The Next Chapter

Steph Cameron on why you should read Breakfast of Champions

The musician says Breakfast of Champions by Kurt Vonnegut is vulgar and chaotic, and that's why you should read it.
Kurt Vonnegut's Breakfast of Champions, published in 1973, is the author's seventh novel and one of his most famous works. It's also a must read, according to singer-songwriter Steph Cameron. (Dial Press/Pheremone Records)

Musician Steph Cameron says she loves American author Kurt Vonnegut because "he is so impolite and frank and vulgar, but not in any way that hurts anyone." Lately, the B.C.-based folk singer has been reading one of Vonnegut's best-known works, Breakfast of Champions.  
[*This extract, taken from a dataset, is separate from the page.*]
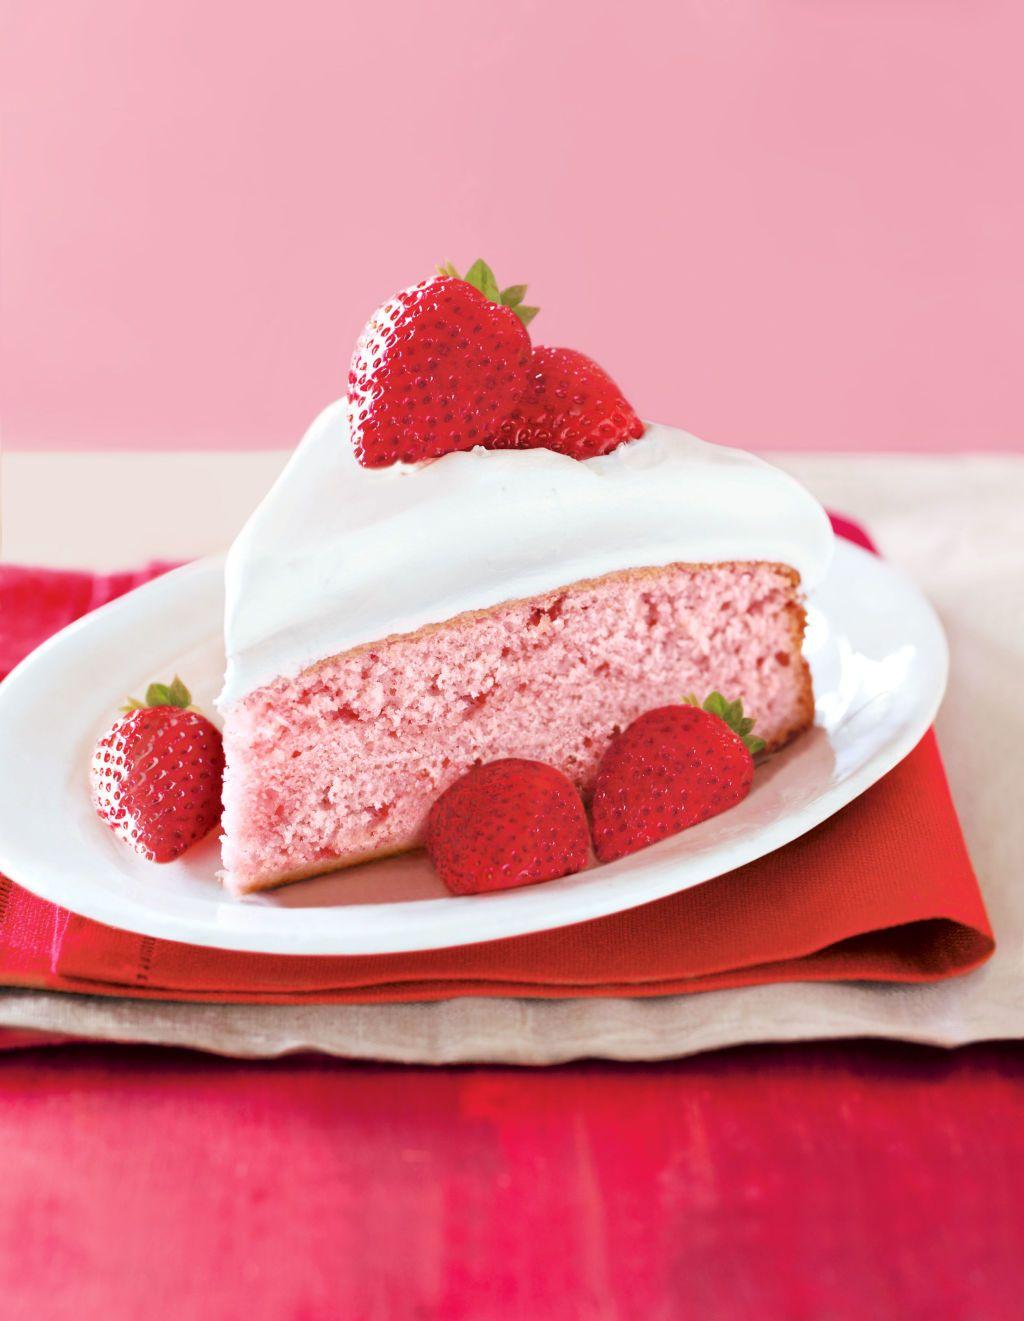 Fresh Strawberry Cake Recipe Strawberry Cake From Scratch

Breakfast of Champions is about two characters — one is Kilgore Trout, a science fiction writer who considers himself a failure and whose work is so unrecognized that it's basically only produced as filler in pornographic magazines. He gets a letter in the mail from a stranger who calls him a genius and invites him to be a keynote speaker at an arts conference in Midland City, in the midwestern United States. So he decides that he's going to hitchhike to this symposium, basically with the intention of destroying any correlation between beauty and art and dignity that these people may have.

The other character is Dwayne Hoover, a Pontiac dealer in Midland City. And Dwayne starts to lose his mind, and Vonnegut puts up the idea and the philosophy that human beings are only responding to and acting out how they're programmed. So Dwayne Hoover and Kilgore Trout meet, and Hoover is exposed to some of Trout's cynical science fiction and philosophy, and it basically sends him over the deep end, into this mad, chaotic rampage. 

Steph Cameron's comments have been edited and condensed.